We're three sisters who love gardening, plants and even the science of horticulture but we're not all experts. We'd love everyone even remotely interested in their gardens to be part of our blogsite.

4 replies on “Colour – symphony or screech?”

Enjoyed reading your blog, as always and lovely to get a few glimpses of the Normandy garden which is always fabulous. The yellow ligularia (whatever that is!) at least highlighted all the colour contrasting that WAS satisfying to your flowery souls so it didn’t grow in vain. Hope the biblical rainstorms and howling gales didn’t wreak too much havoc.

Lovely to hear from you, Yve. The gales and rainstorms did certainly flatten things somewhat but of course one has to admit that the ground really needed the rain!

I’ve never been able to grow scented honeysuckle successfully in my Shropshire. The latest one planted on spring this year at the front of the house against a south facing wall looked thrived for the first few months but then list most of its leaves and looks dreadful. This is despite mulching, regular watering and feeding. What am I doing wrong? Roses in the same location are thriving. Help!

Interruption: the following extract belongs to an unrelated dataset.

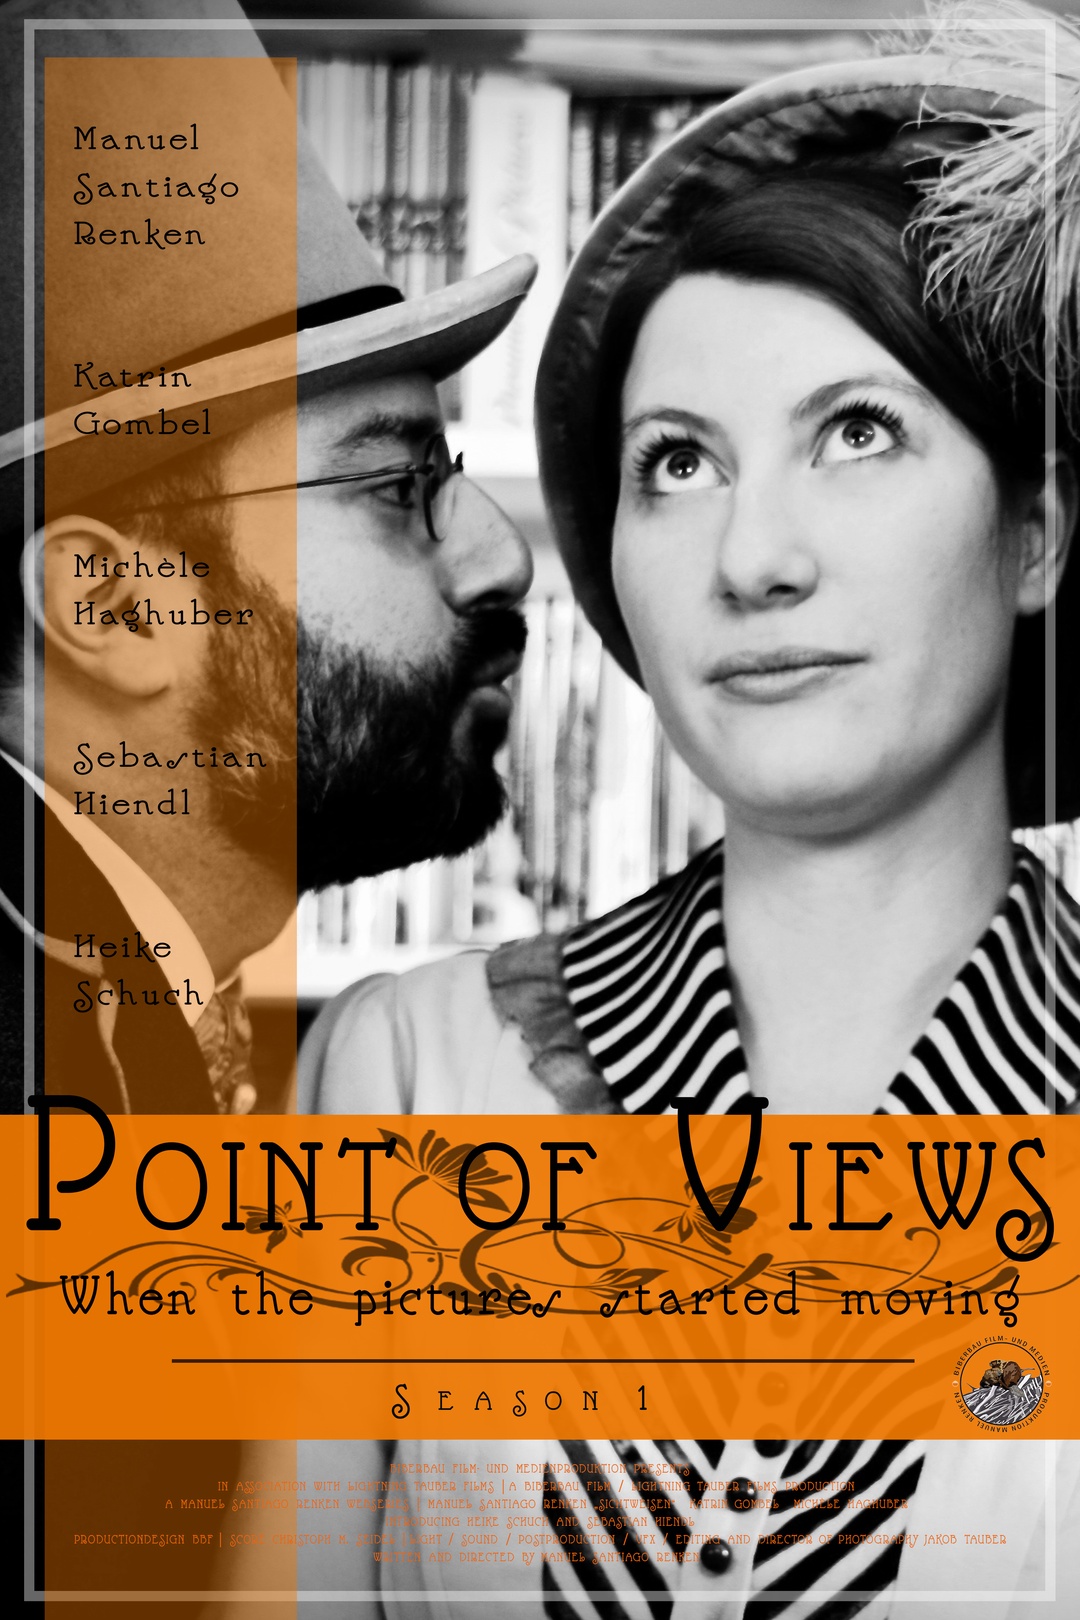 Point of Views - when the pictures startet moving

Hi Jane, Elaine here. Hmmm well, I think it might be that you’re being too nice to it! Honeysuckles are basically woodland plants that are happiest in semi-shade, where they can scramble up and have just their flower-heads in the sun but their roots shaded. I did have a honeysuckle in a prime hot spot years ago, but it was a miserable magnet for aphids, some kind of sooty mould and powdery mildew, no matter how much I fed and watered the thing. If you’re willing to have another bash at it, try planting it somewhere a bit shadier, and think ‘woodland’ – dampish but not soggy, rich soil which includes leaf-mould, and a chance for it to reach the sunshine if it chooses to get going. Good luck!